Swift’s satirical fury is directed against almost every aspect of early 18th-century life: science, society, commerce, and politics (McCrum, Robert). The work has many signs of a fairy tale, but it also has a satirical hint at the political and social structure of England and Europe at that time (Yuanna, Xu). Too of particular attention deserves the relationship of Swift to nature and psychology of humanity as an approachable and cunning creature. Just like in Lilliput, England at that time had a sole ruler. The author ridicules the inexperience and incompetence of a handful of rulers of England, portraying them in the image of the emperor Lilliput. In the same way, Swift showed in the satirical light the war between Lilliput and Blefuscu, which resembles the conflicts between England and France (Yuanna, Xu). A brutal and bloodthirsty war takes many lives and leaves people wounded, and the central conflict occurs between rulers who use the inhabitants as weapons. The author connects both wars as senseless and empty, having no basis and provoked by ambitions and desires of the rulers of the two countries. Reflection of human vices is reflected in the inhabitants of different countries – small Lilliputians, ugly inhabitants of Laputa and wild horse-like creatures from Houyhnhnms (Yuanna, Xu). Comparison of various animals makes it clear the structure of the population of England and Europe at that time, imperfection and viciousness of people.
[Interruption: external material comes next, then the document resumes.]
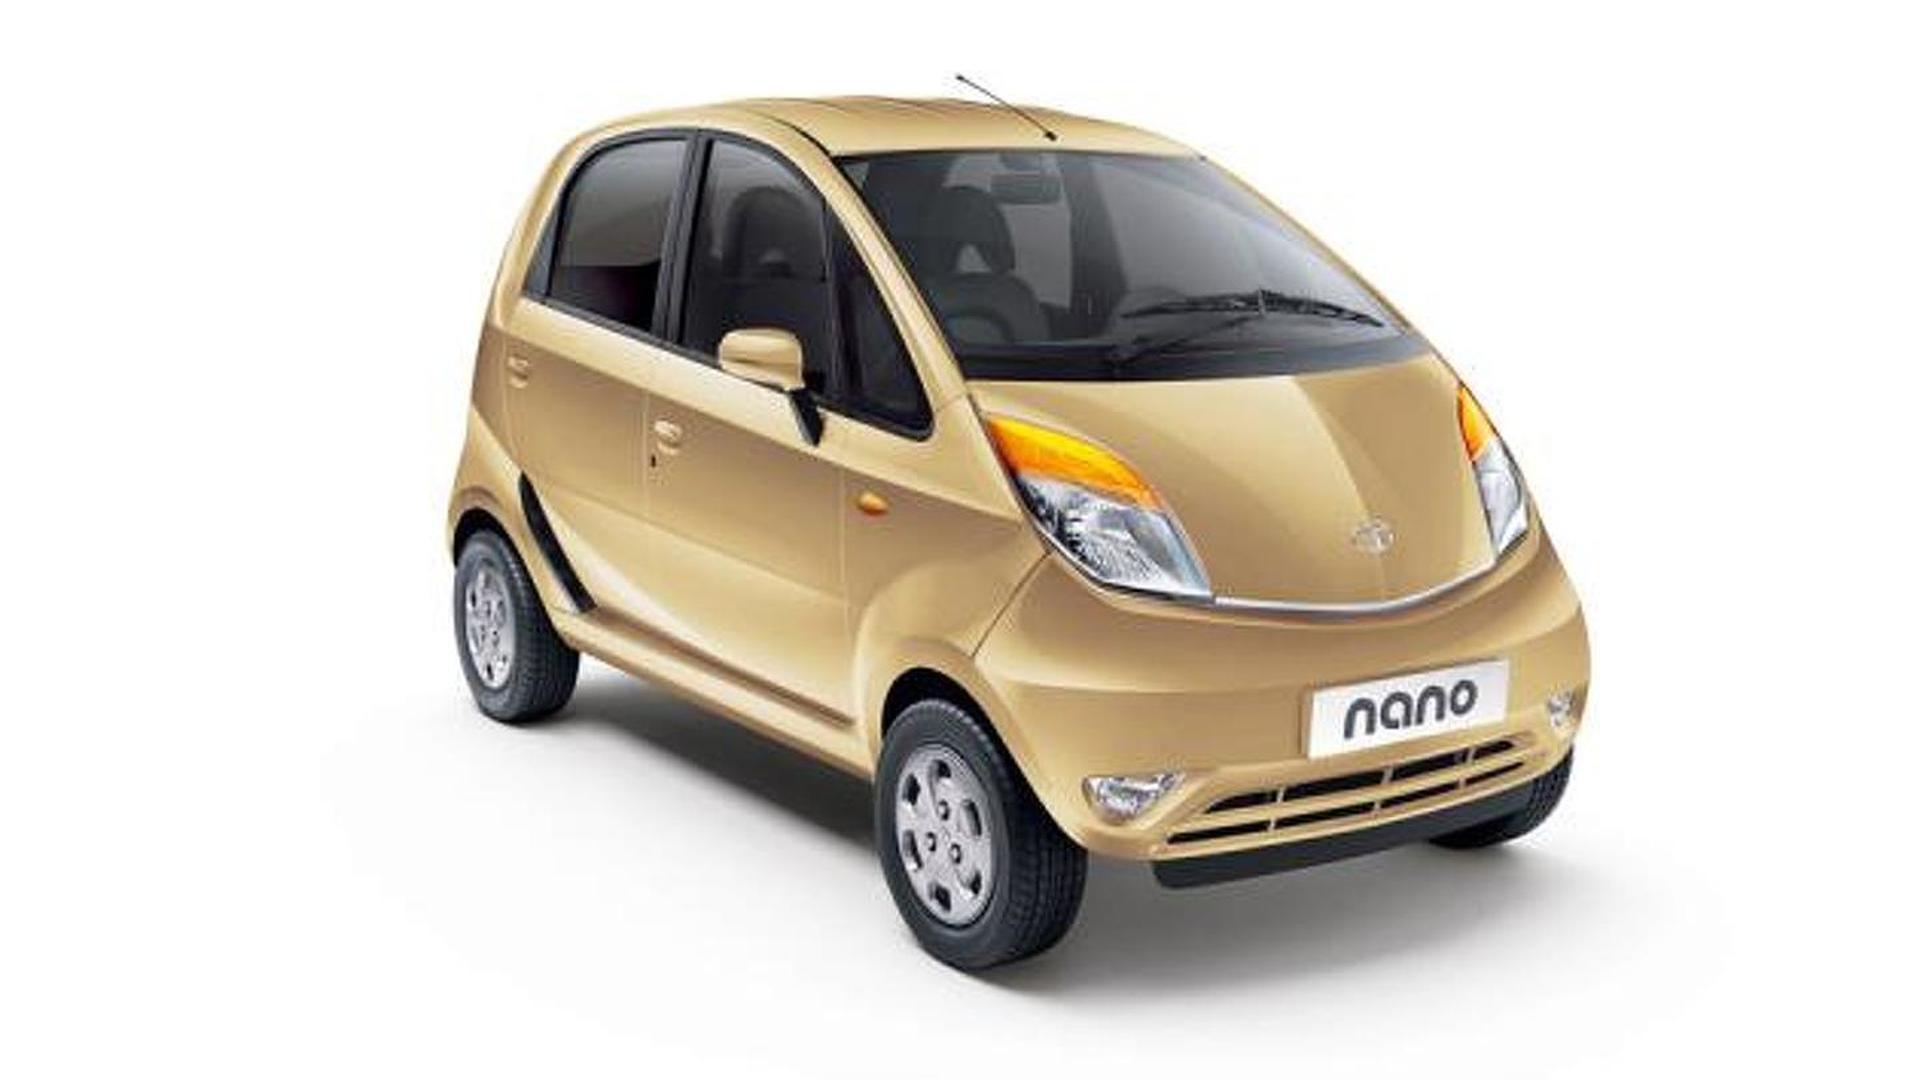 Better equipped second-gen Tata Nano will get bigger engine
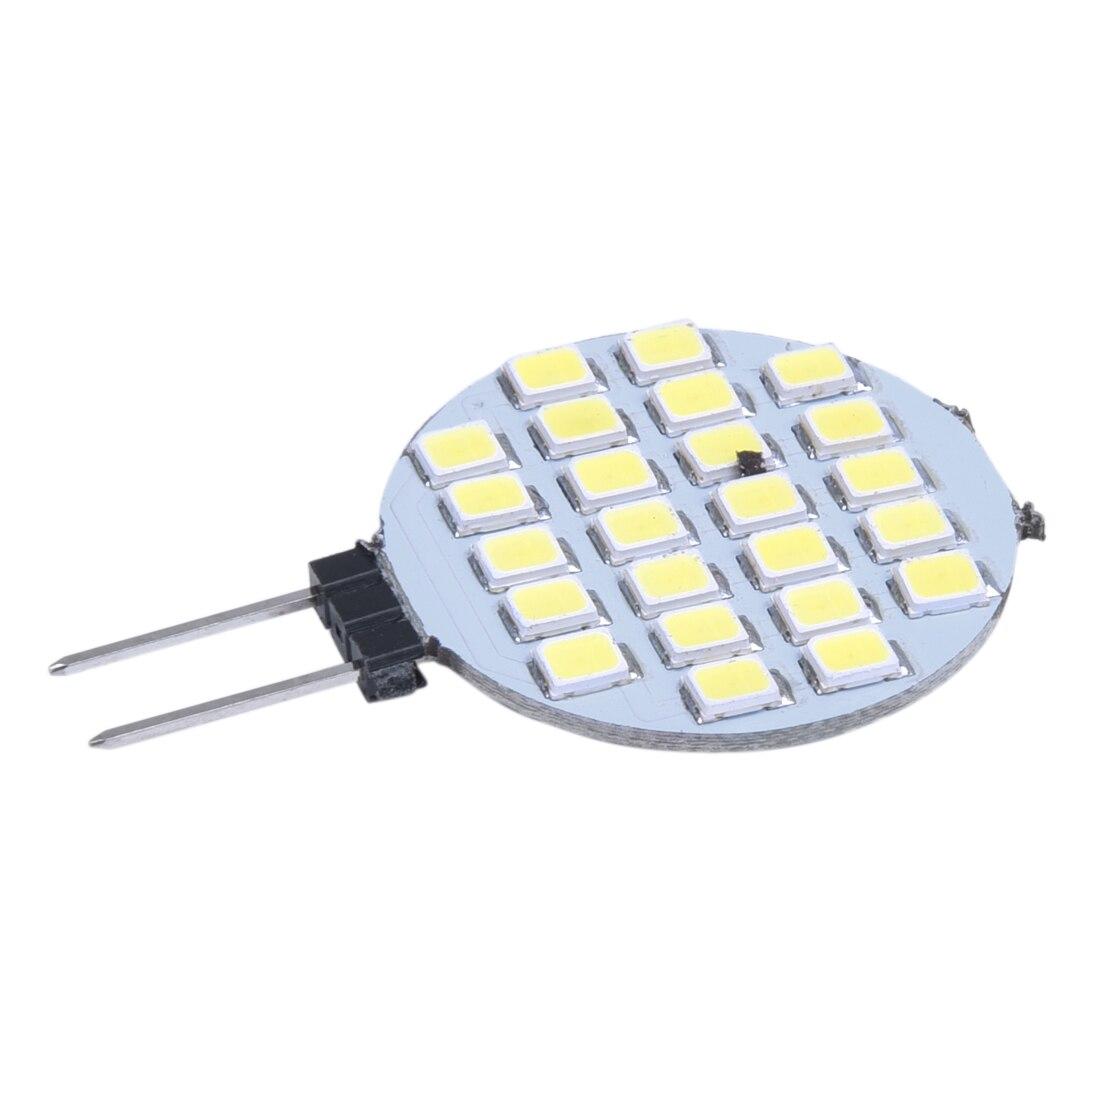 Nuevo G4 1210 SMD 24 bombilla LED, bombilla blanca, 6000-6500K DC 12V

Jonathan Swift’s book “Gulliver’s Travels” shows the imperfection of the governance structure and social sphere of England and Europe of that time. The narrative style as an adventure helps to understand events happening more accessible, and also to compare characters from the book with people from the outside world, to realize imperfection and vices of people. Gulliver is the ultimate power, which from the neutral side shows different characters with different characteristics and worldviews, leaving the reader free to realize the satirical structure of the book.
McCrum, Robert. “The 100 Best Novels, No 3 – Gulliver’S Travels By Jonathan Swift (1726).”
The Guardian, 2013, https://www.theguardian.com/books/2013/oct/06/100-novels-swift-gullivers-travels-mccrum.
Swift, Jonathan. Gulliver’s Travels. Ireland, Benjamin Motte, 1726,.
Yuanna, Xu. “The Appreciation Of The Satiric Arts And The Cultural Influence In Gulliver’s Travels.” Studies In Literature And Language, Vol. 10, no. No. 3, 2015,.